# [What to produce]
Every line of the data below is to be duplicated exactly, pictures excepted.

# [Raw data]
□ □ □ □

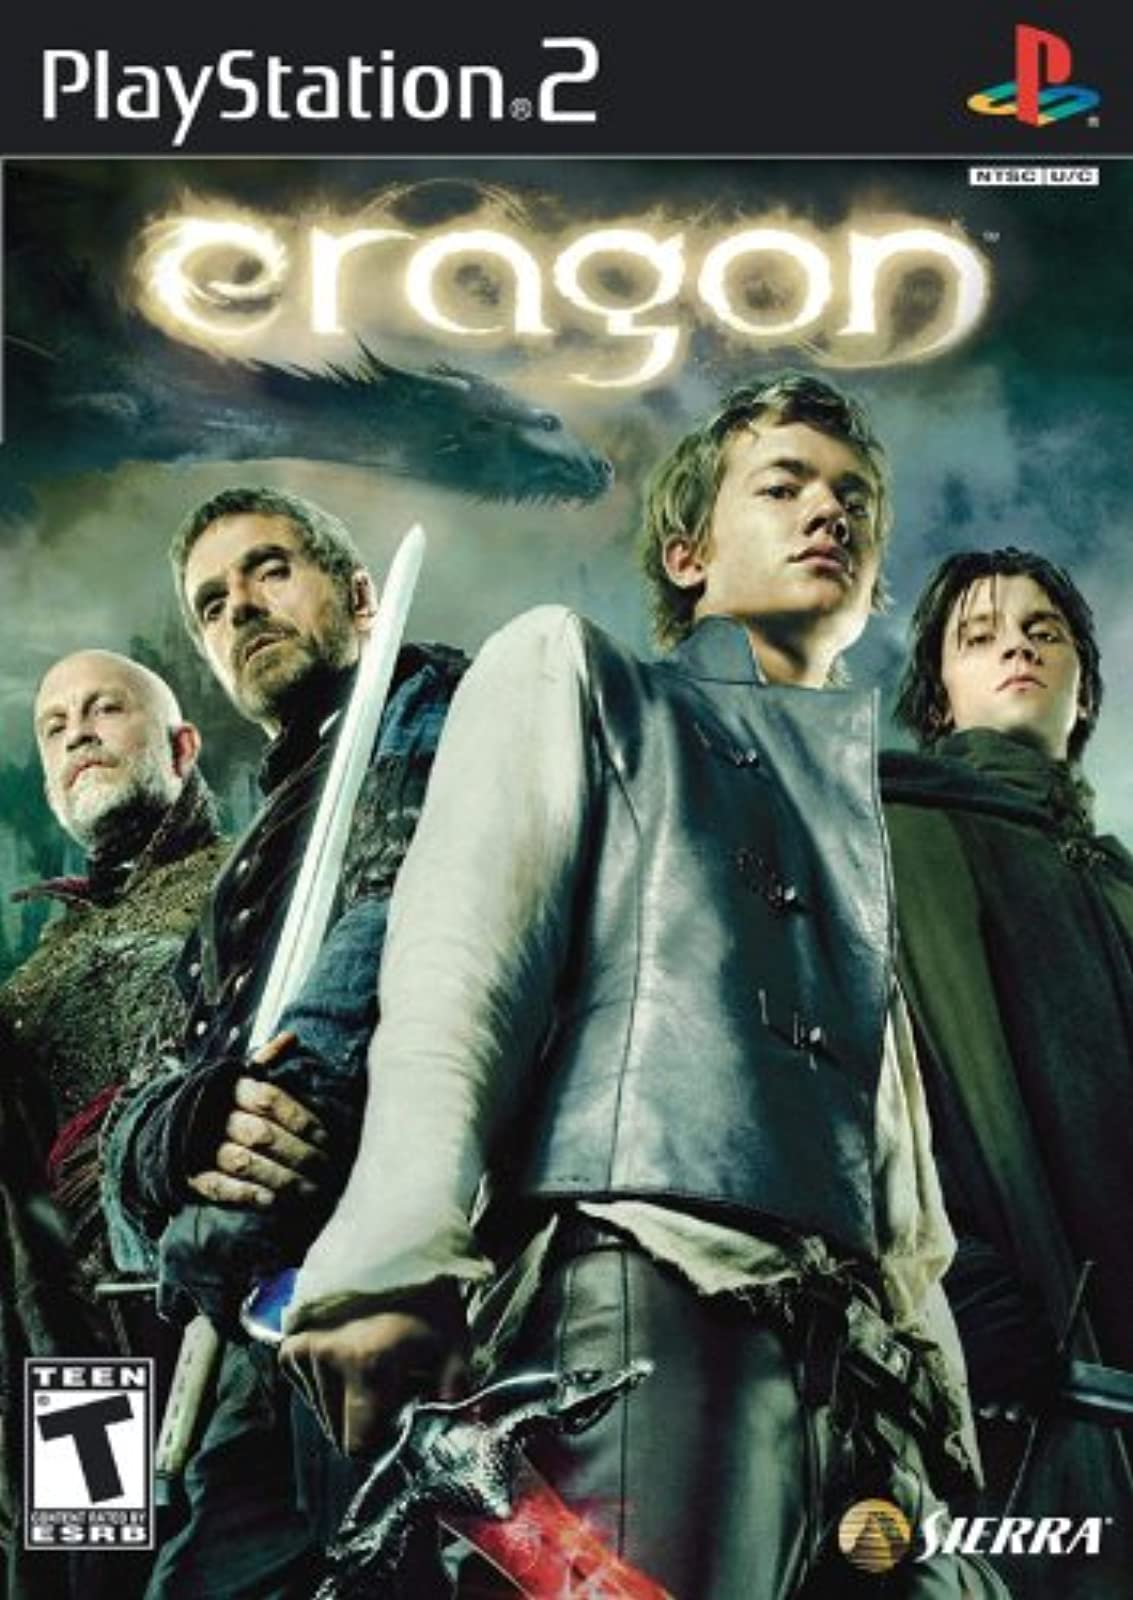 Eragon For PlayStation 2 PS2
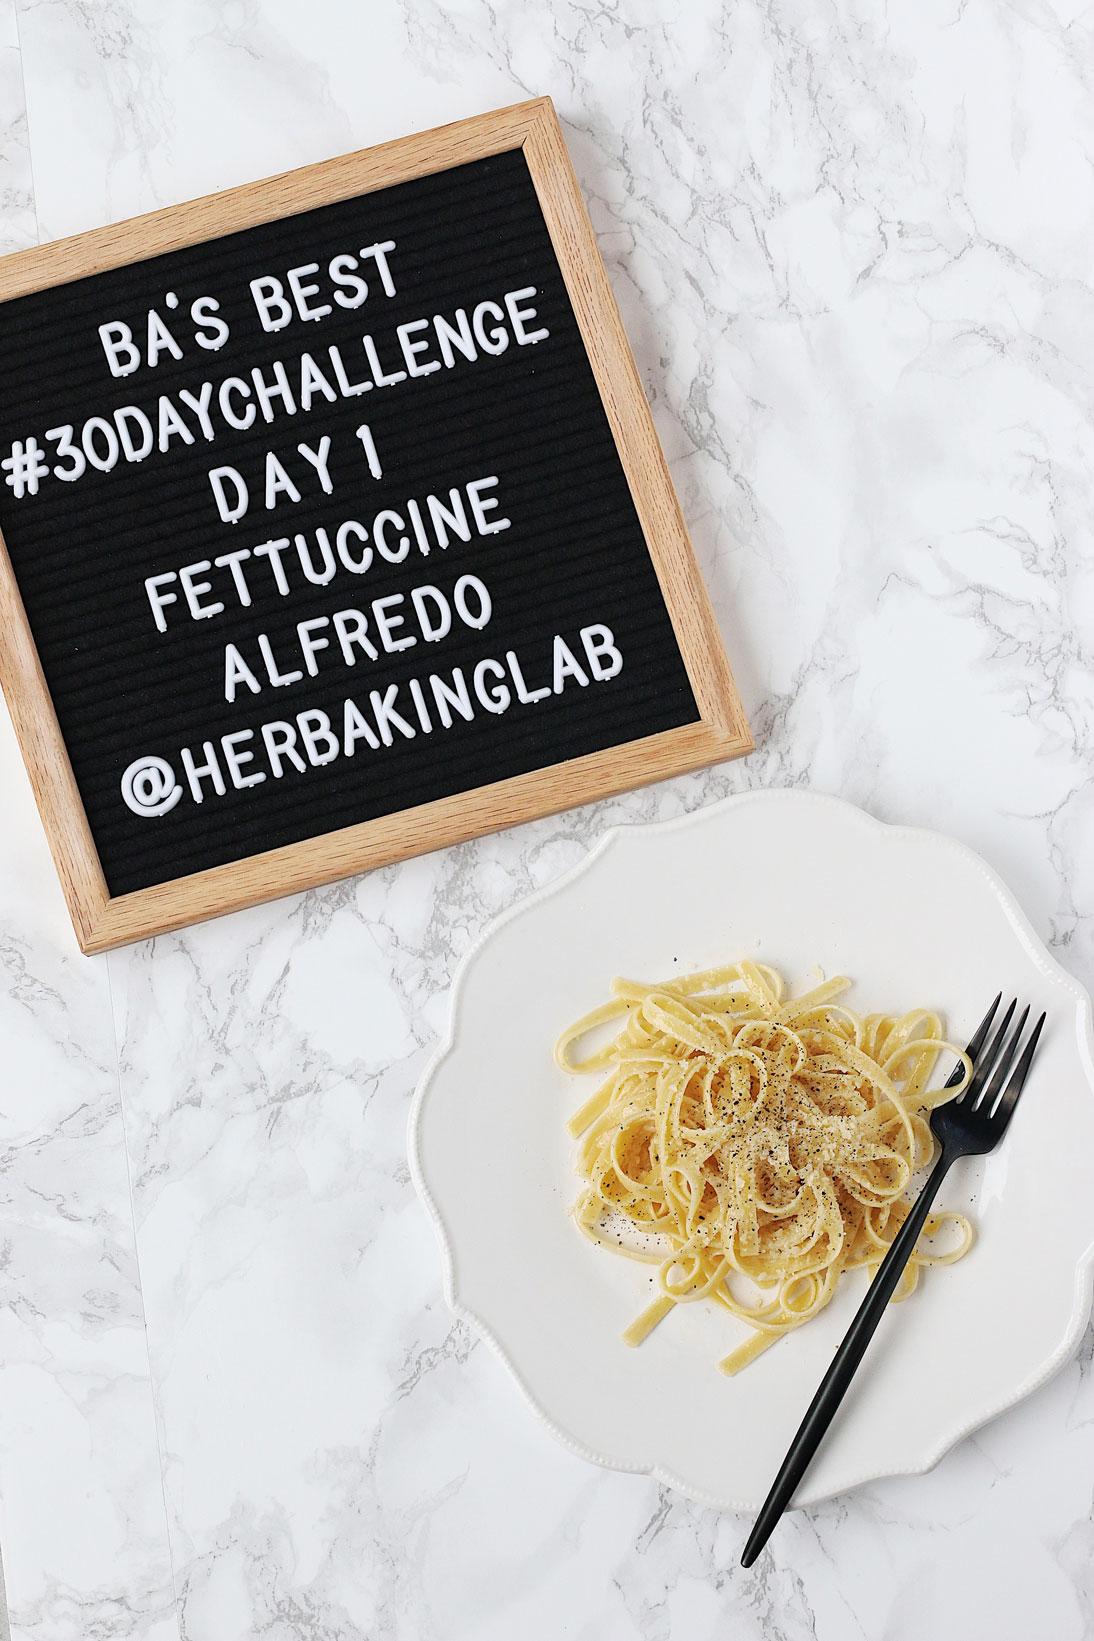 #ba30daychallenge-bon-appetit-best-recipes-day-1-fetticcone-alfredo
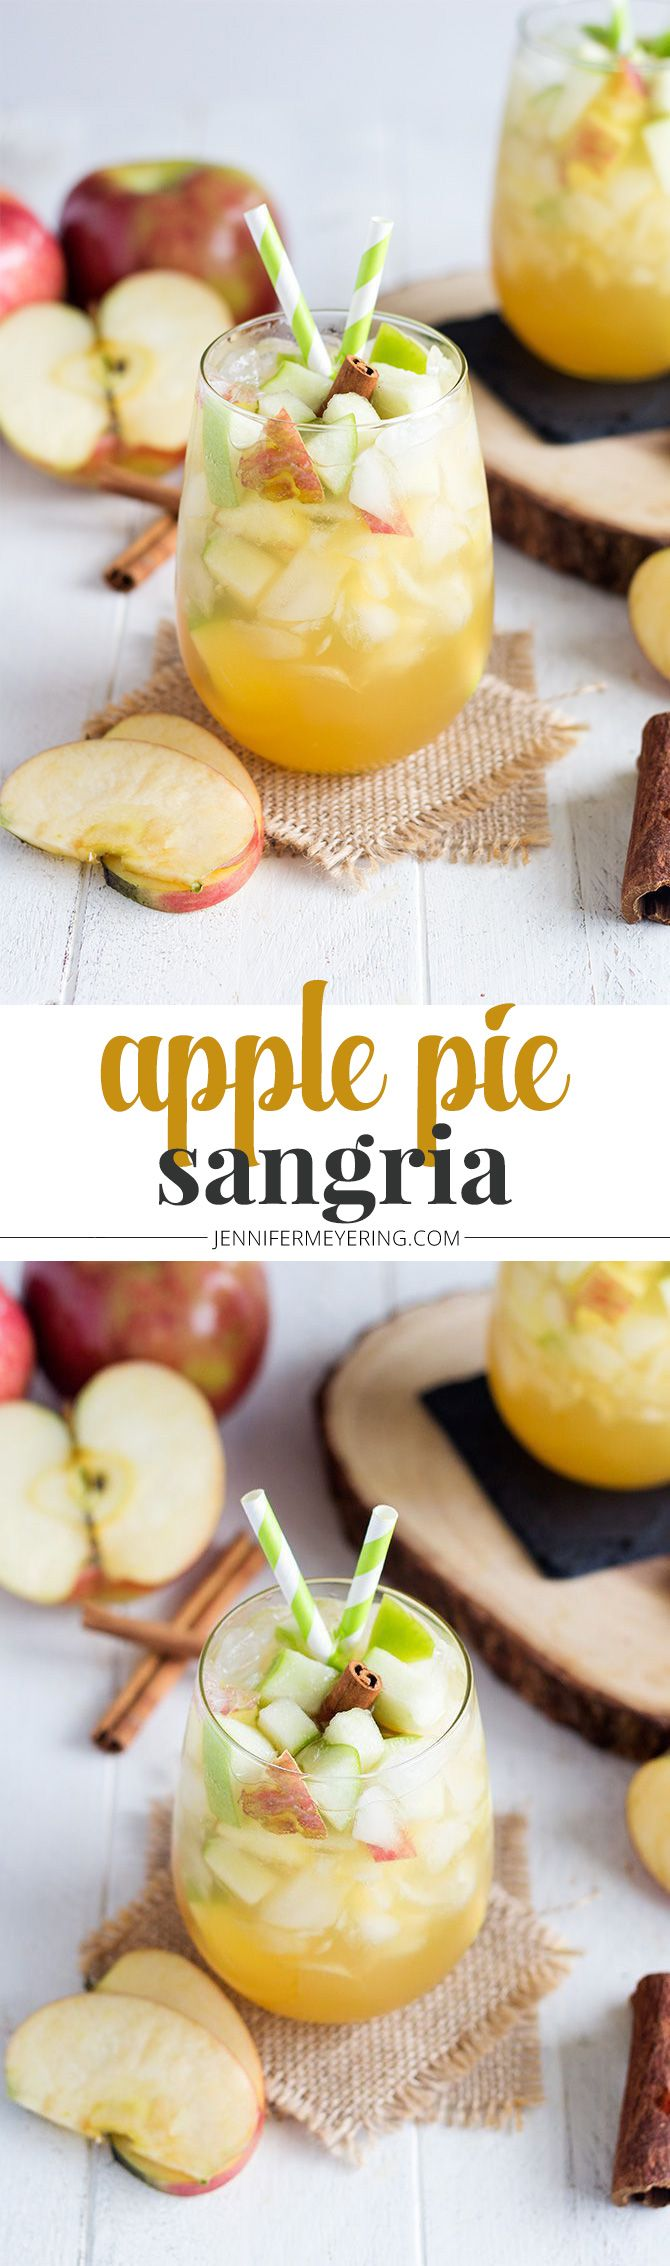 Apple Pie Sangria - JenniferMeyering.com
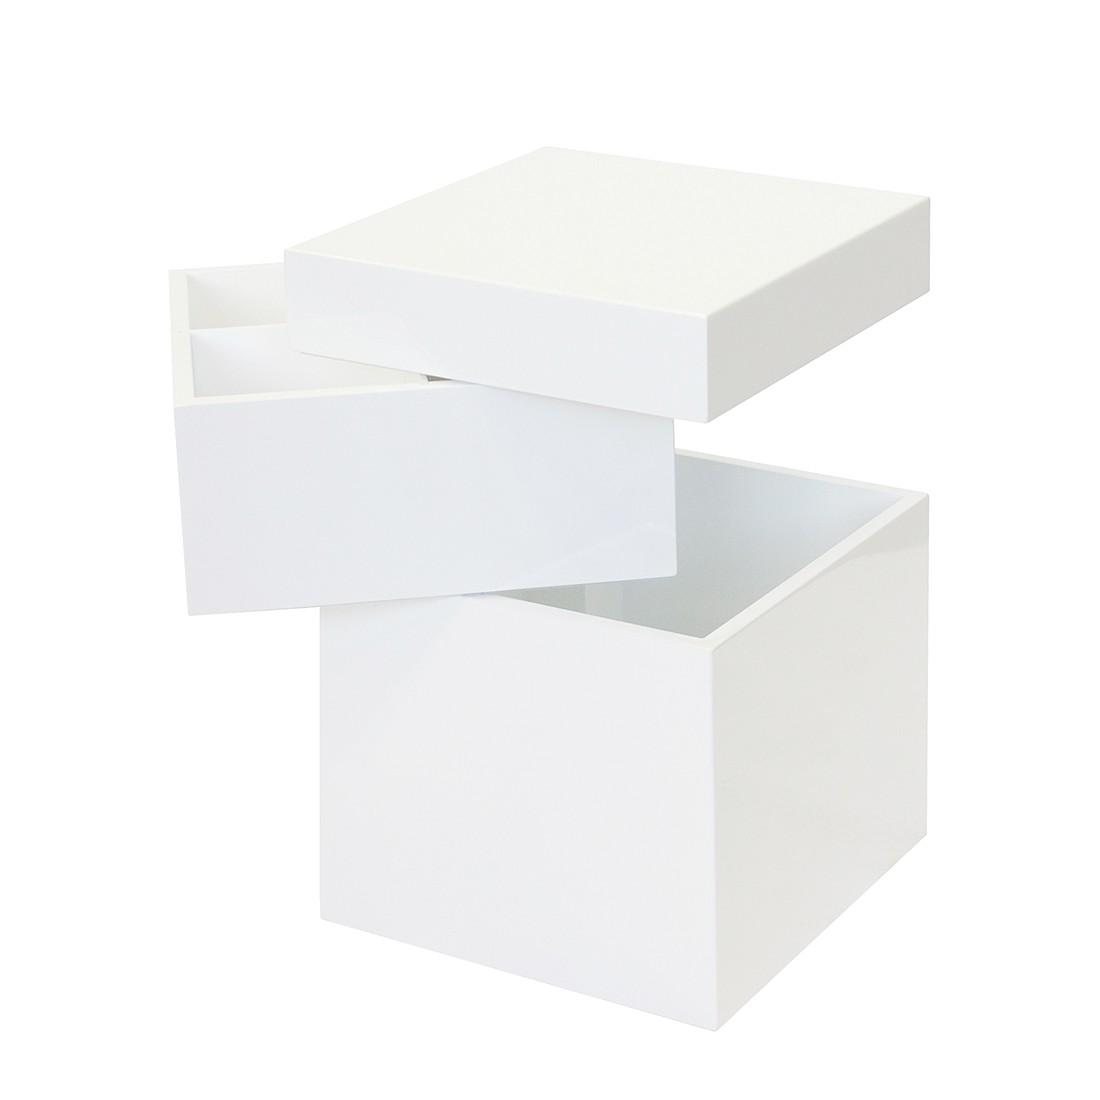 Torre-cassettiera Bloc I - Bianco, Tenzo

□ □ □ □

# [Finished task]
 Eragon For PlayStation 2 PS2
 #ba30daychallenge-bon-appetit-best-recipes-day-1-fetticcone-alfredo
 Apple Pie Sangria - JenniferMeyering.com
 Torre-cassettiera Bloc I - Bianco, Tenzo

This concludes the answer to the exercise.